### Extracted information:
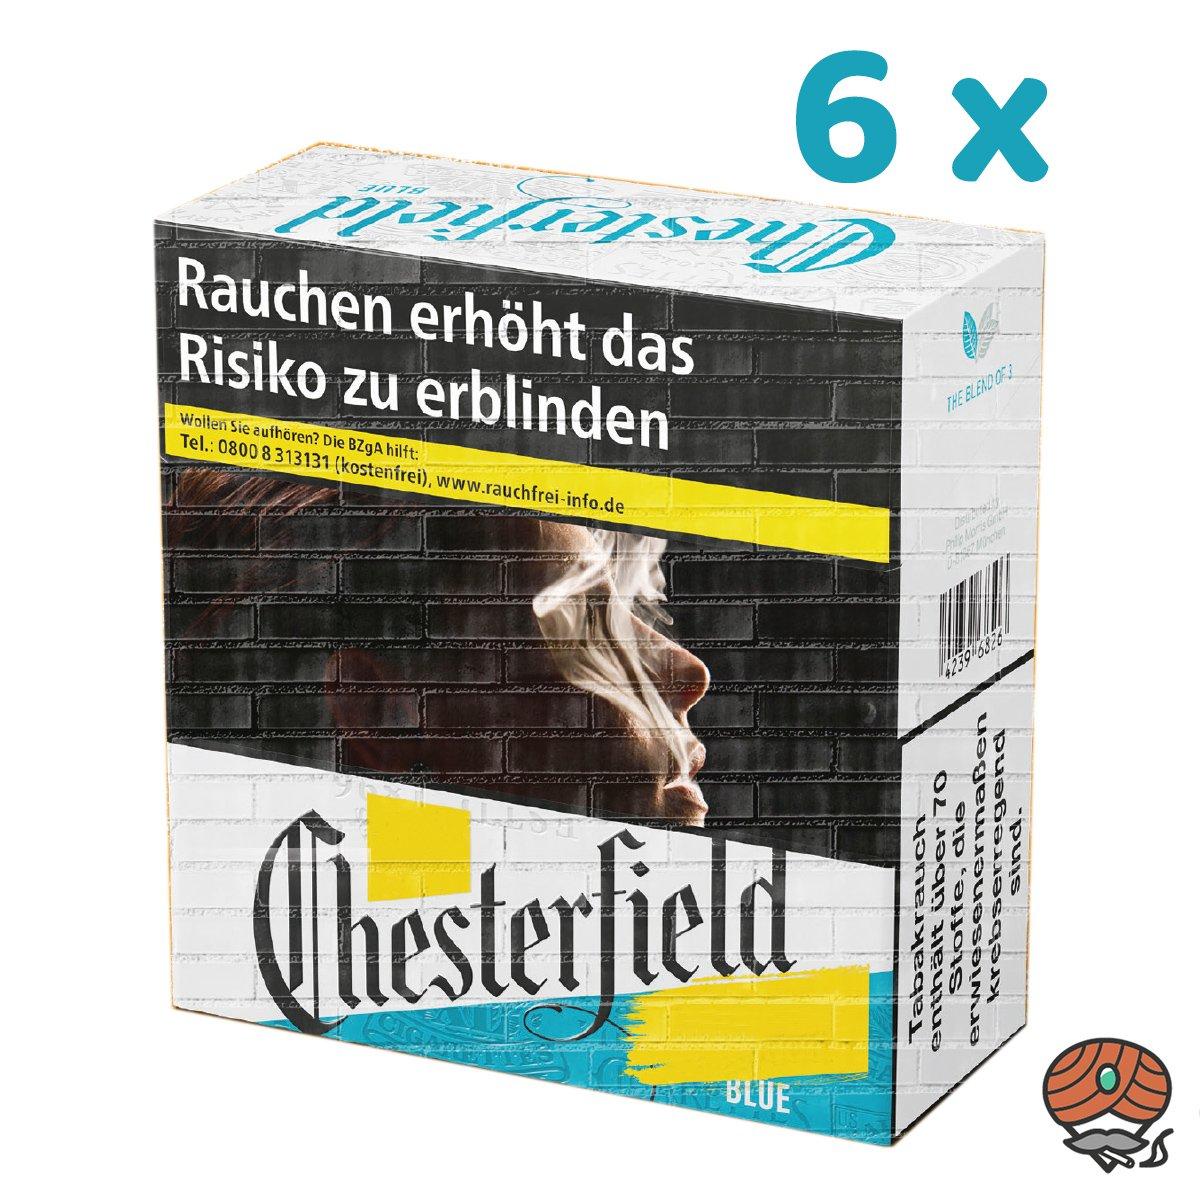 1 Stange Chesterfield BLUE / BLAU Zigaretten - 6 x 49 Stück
==
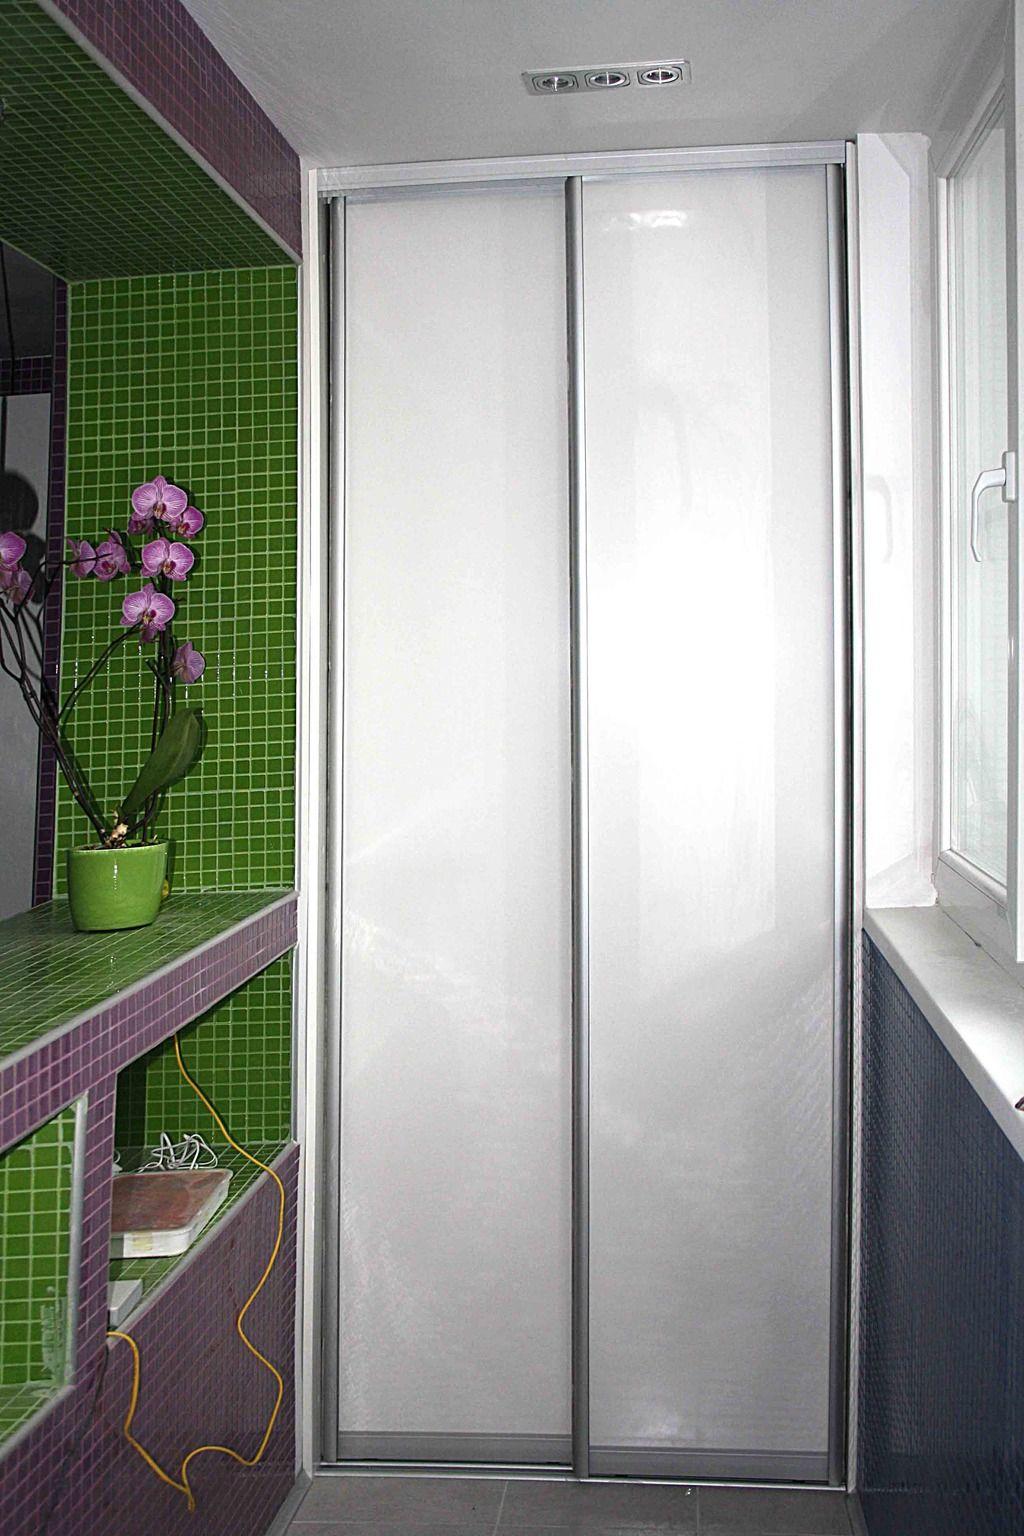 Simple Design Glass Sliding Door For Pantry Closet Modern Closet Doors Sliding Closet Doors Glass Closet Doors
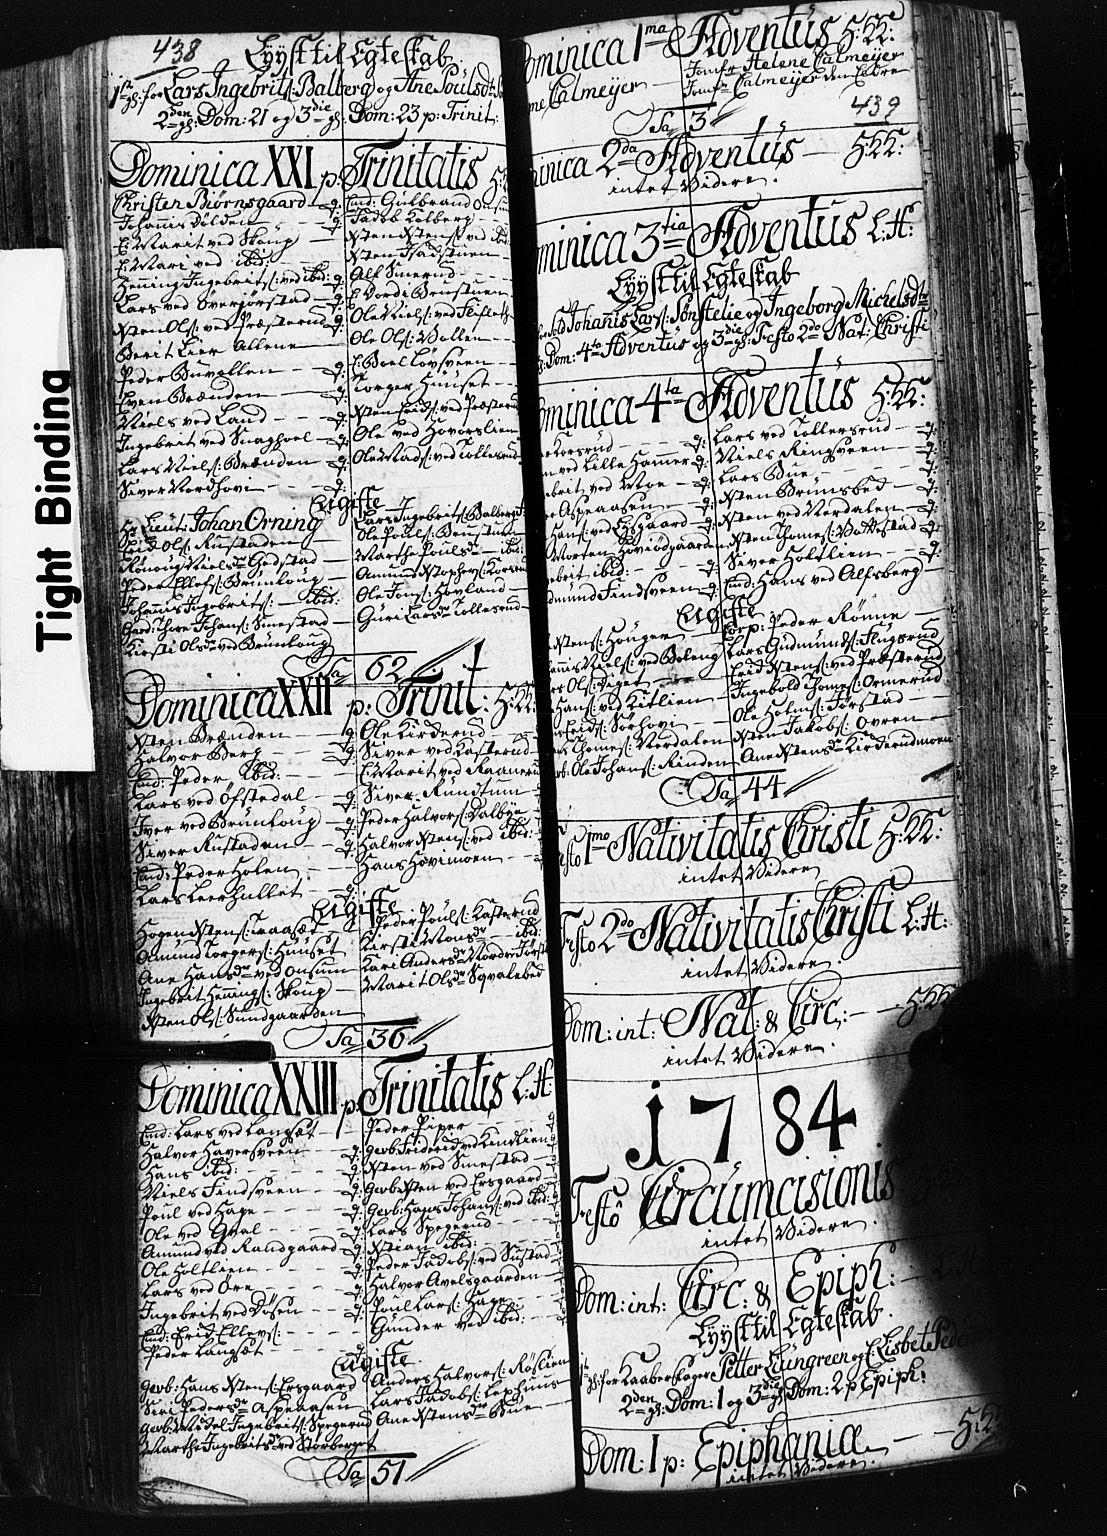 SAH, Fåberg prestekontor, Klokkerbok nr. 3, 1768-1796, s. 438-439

### Prompt:
Transcribe, from the material above, the stretch starting at the line with "Simple Design Glass" and ending at the line with "SAH, Fåberg prestekontor, Klokkerbok", both included, exactly. Do not carry over pictures.

### Answer below:
 Simple Design Glass Sliding Door For Pantry Closet Modern Closet Doors Sliding Closet Doors Glass Closet Doors
 SAH, Fåberg prestekontor, Klokkerbok nr. 3, 1768-1796, s. 438-439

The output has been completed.